Prompt
With the pictures left out, restate exactly the part below that opens with the line containing "BRUNO MARS TRIBUTE" and closes with the line containing "Country Girl studs - small".

Exercise input
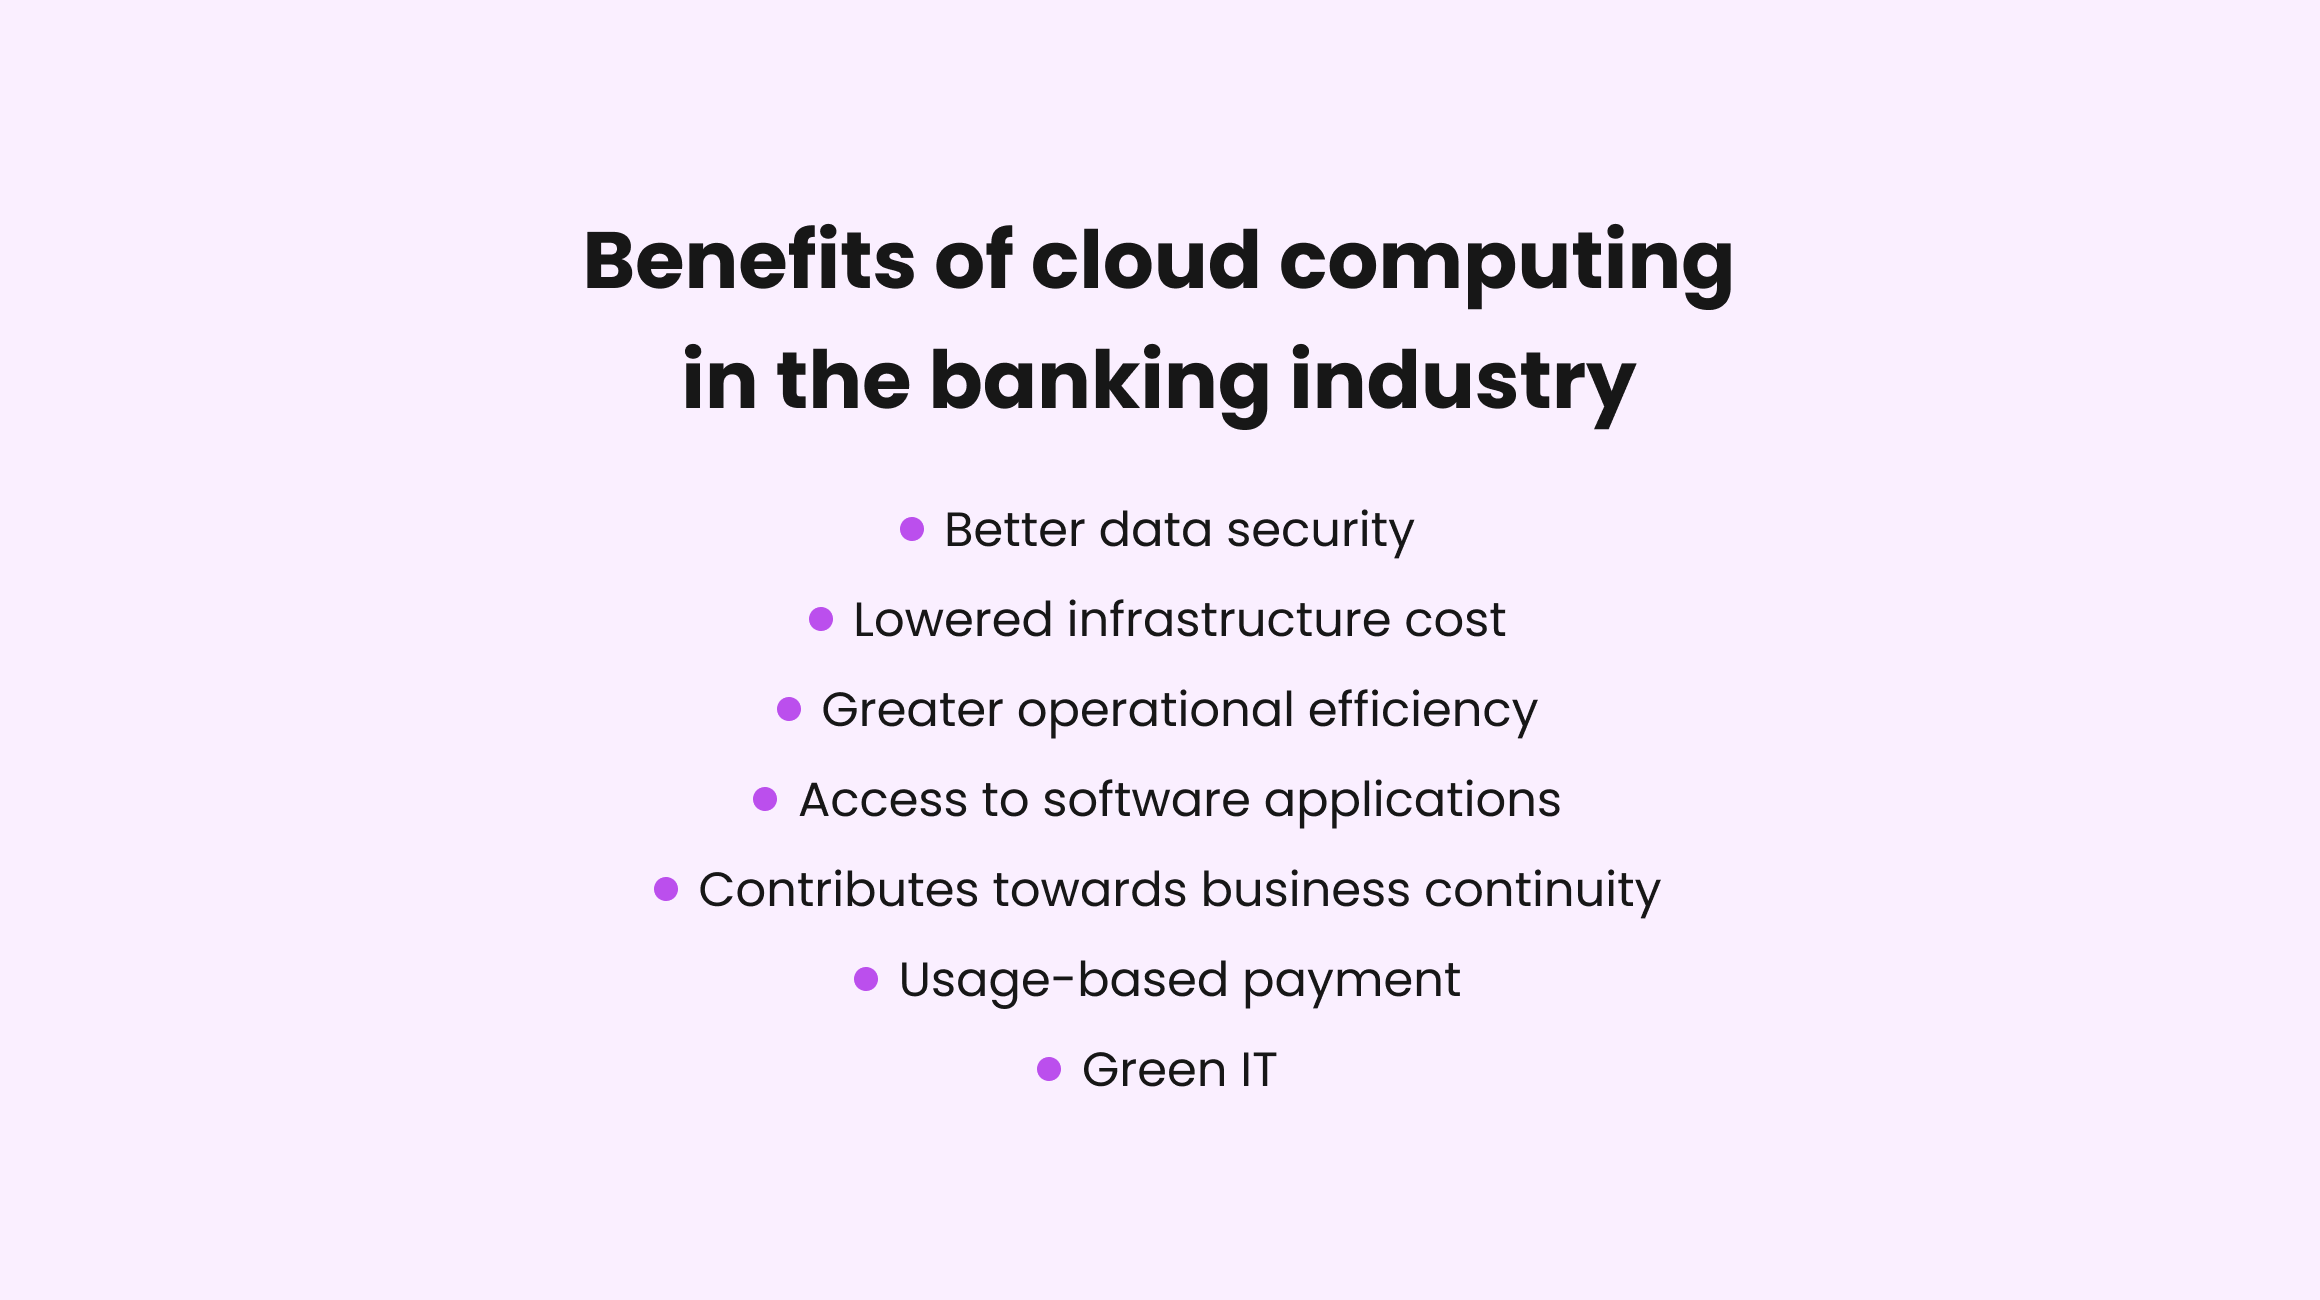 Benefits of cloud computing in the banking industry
---
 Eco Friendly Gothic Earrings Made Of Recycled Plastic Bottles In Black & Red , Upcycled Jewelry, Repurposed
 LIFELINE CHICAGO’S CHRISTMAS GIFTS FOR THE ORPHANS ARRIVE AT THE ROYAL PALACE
---
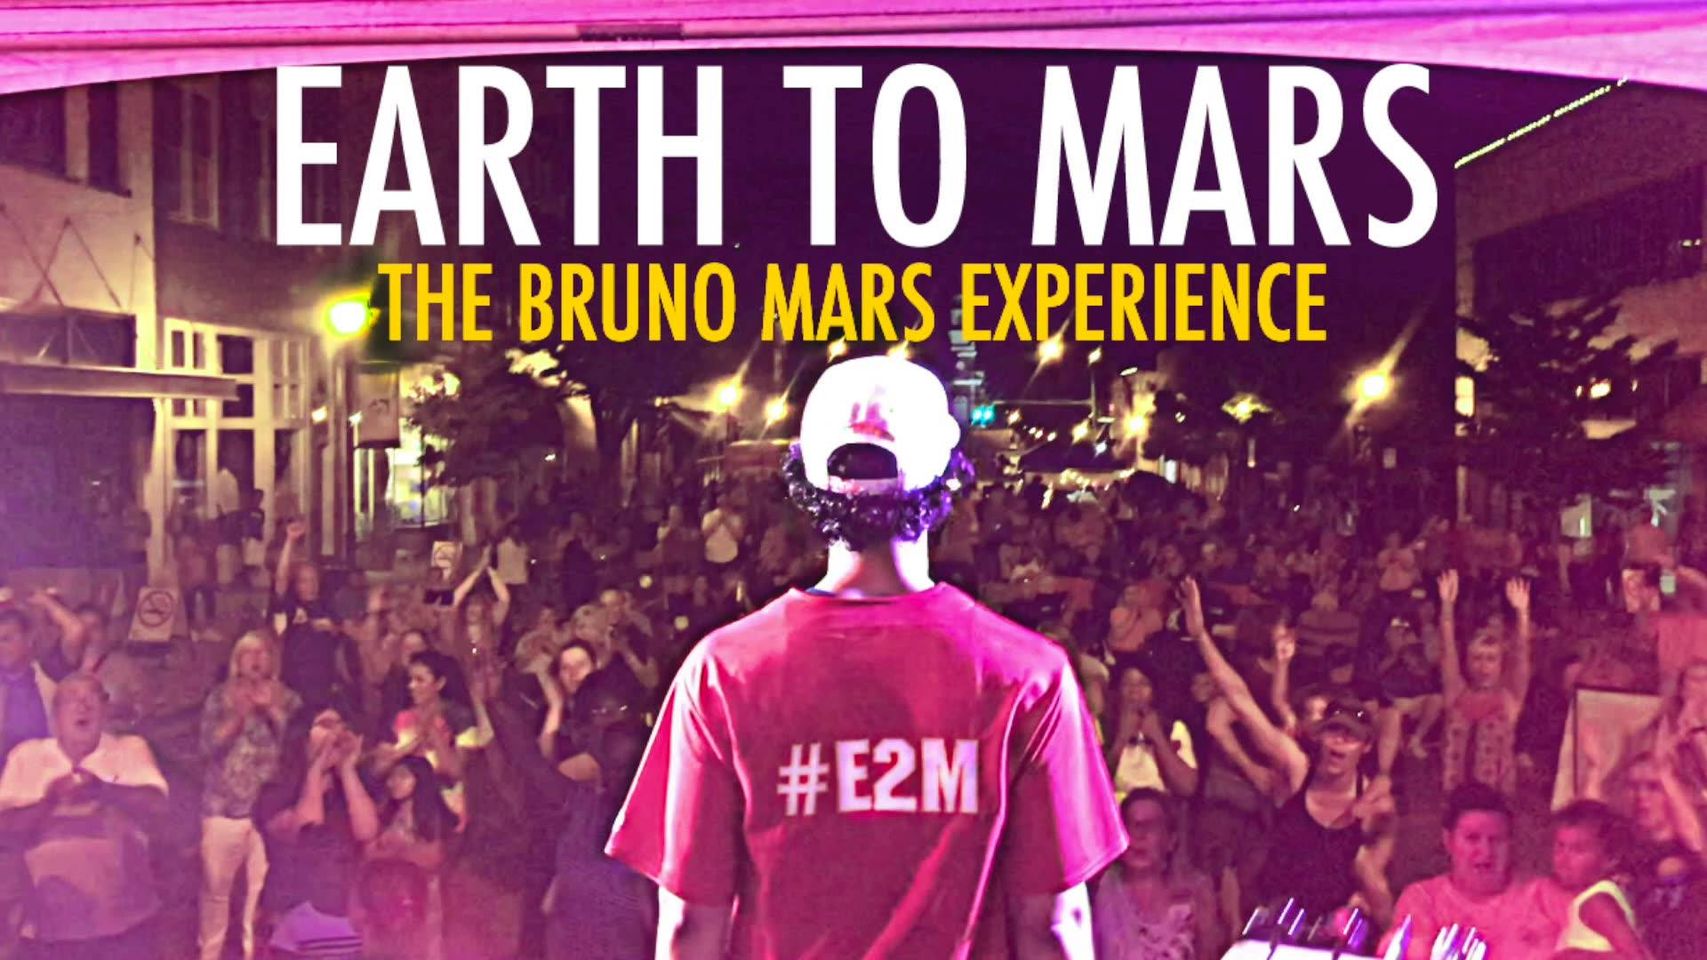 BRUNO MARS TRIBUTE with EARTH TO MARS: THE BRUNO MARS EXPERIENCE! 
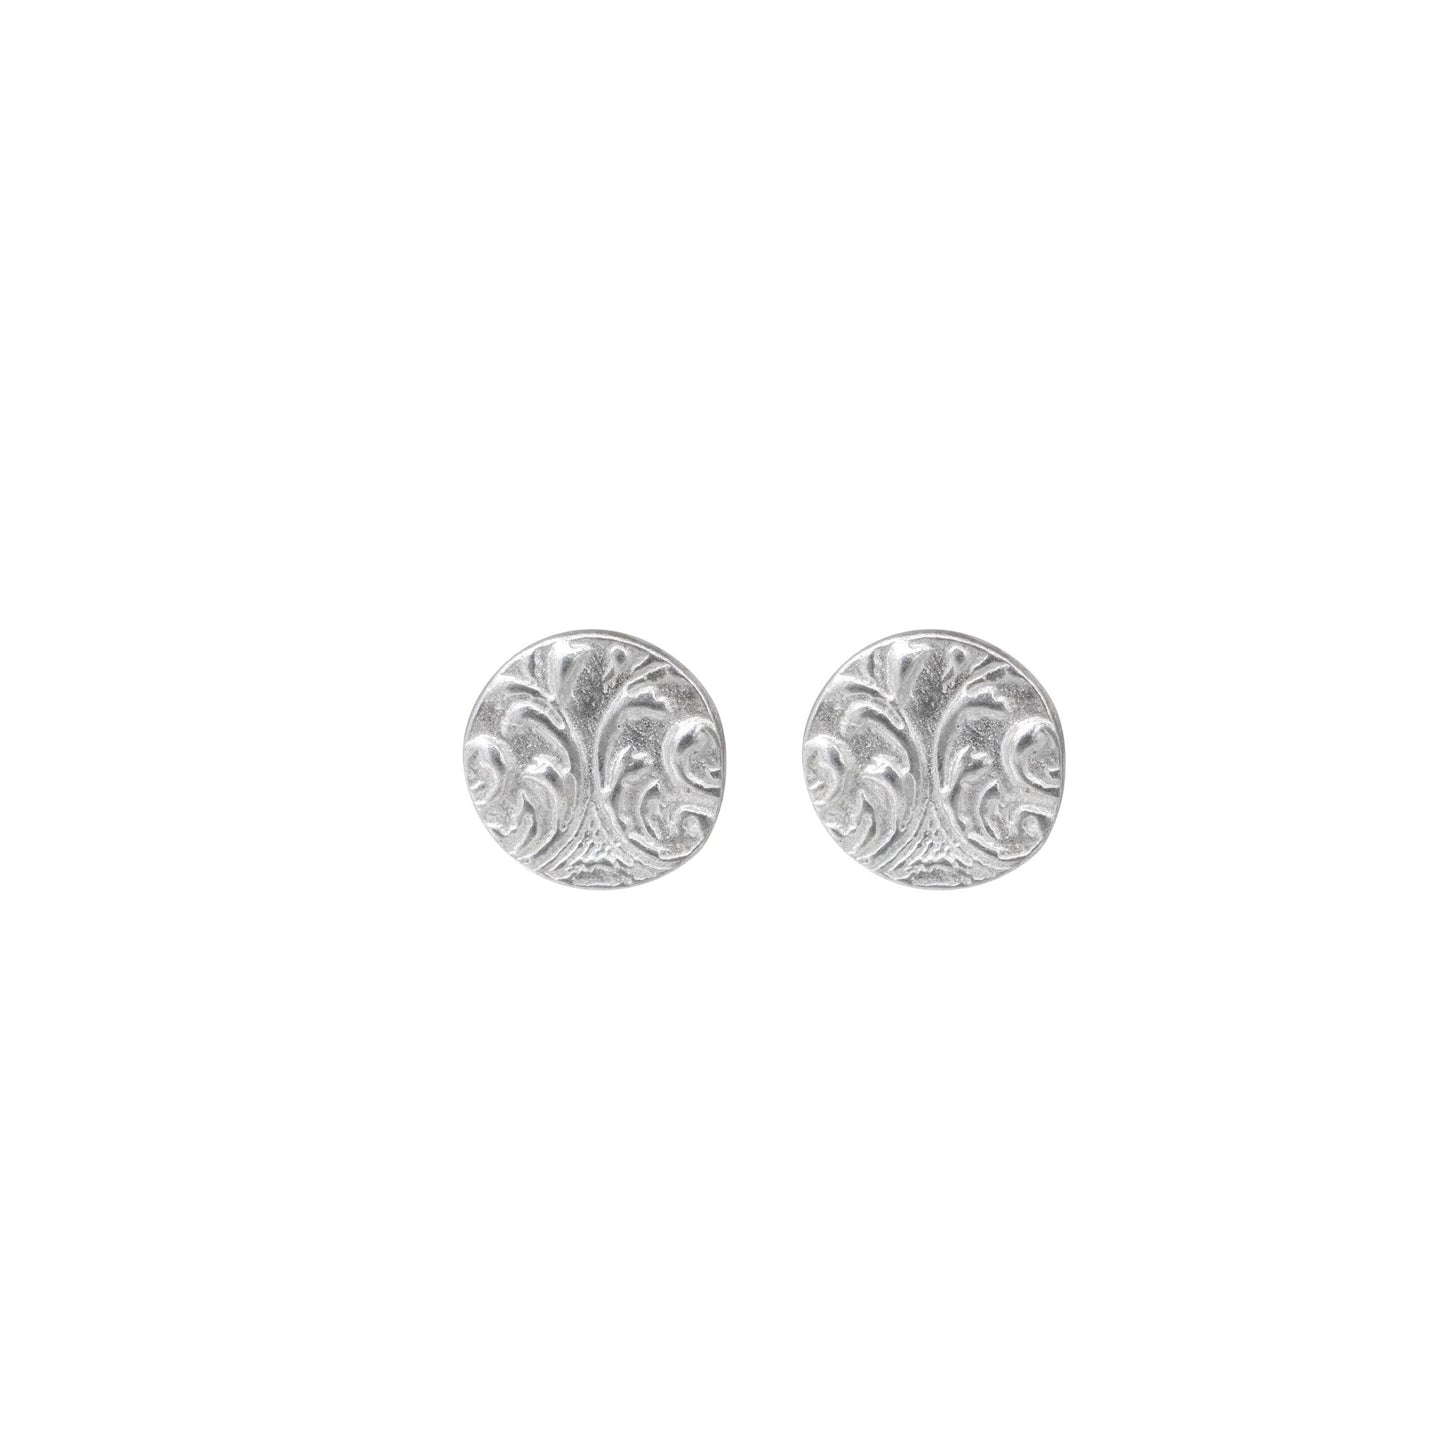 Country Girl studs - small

Task answer
 BRUNO MARS TRIBUTE with EARTH TO MARS: THE BRUNO MARS EXPERIENCE! 
 Country Girl studs - small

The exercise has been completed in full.